## Exercise description
Reproduce the full listing as it stands. Images do not belong in the copy.

## Exercise data
Content starts
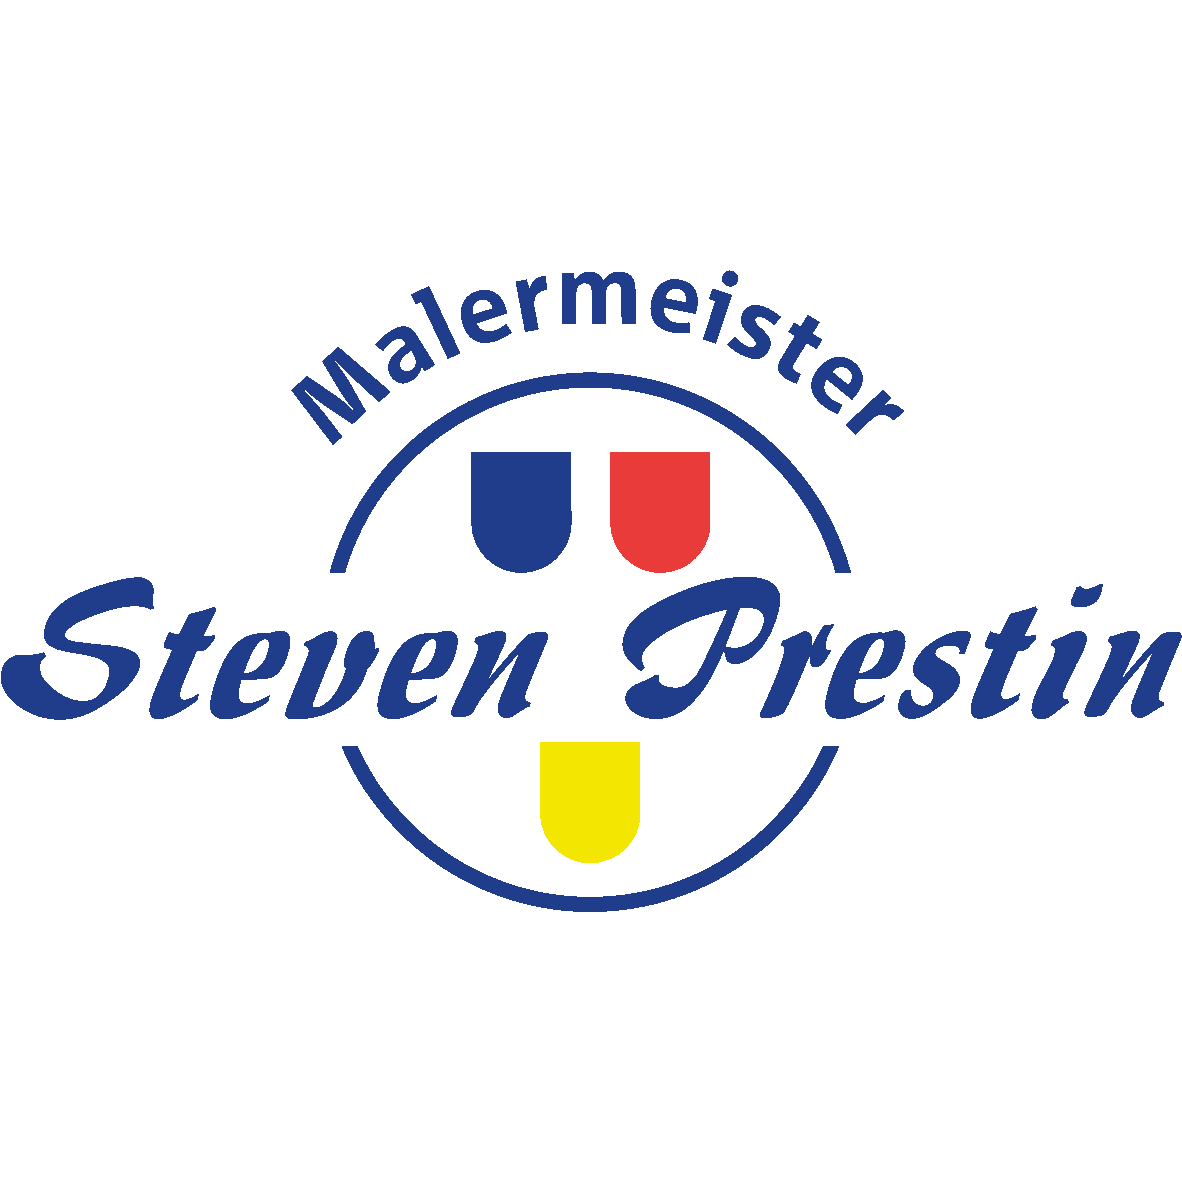 Logo Steven Prestin Malermeister
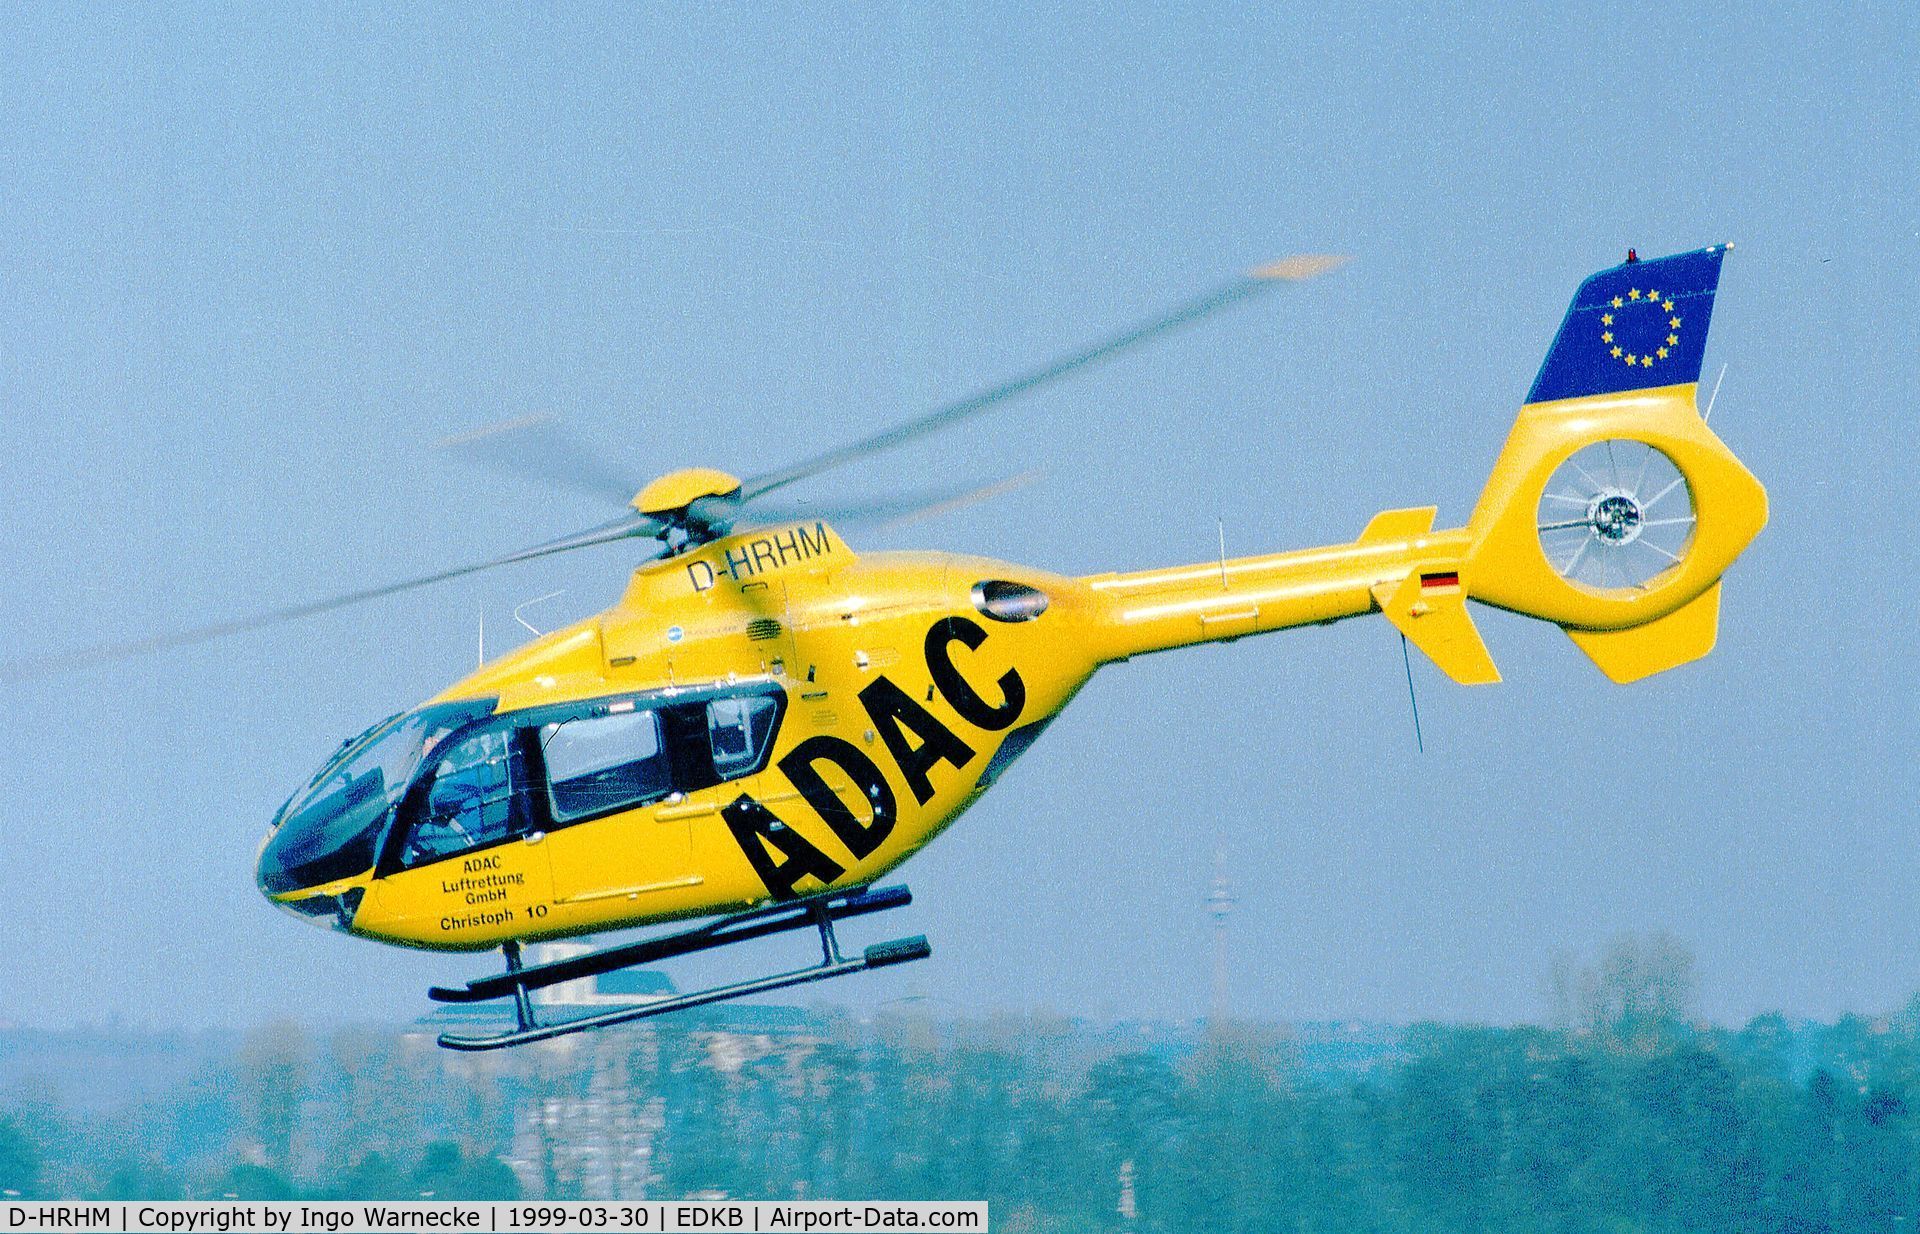 D-HRHM, 1997 Eurocopter EC-135T-1 C/N 0027, Eurocopter EC135T-1 'Christoph 10' of ADAC Luftrettung (EMS) at Bonn-Hangelar airfield
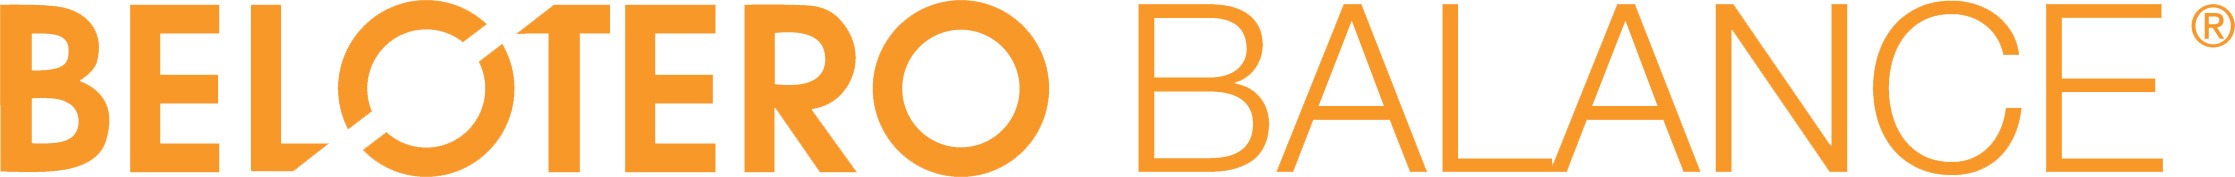 Belotero Balance® Logo
Content ends
## Response area
 Logo Steven Prestin Malermeister
 D-HRHM, 1997 Eurocopter EC-135T-1 C/N 0027, Eurocopter EC135T-1 'Christoph 10' of ADAC Luftrettung (EMS) at Bonn-Hangelar airfield
 Belotero Balance® Logo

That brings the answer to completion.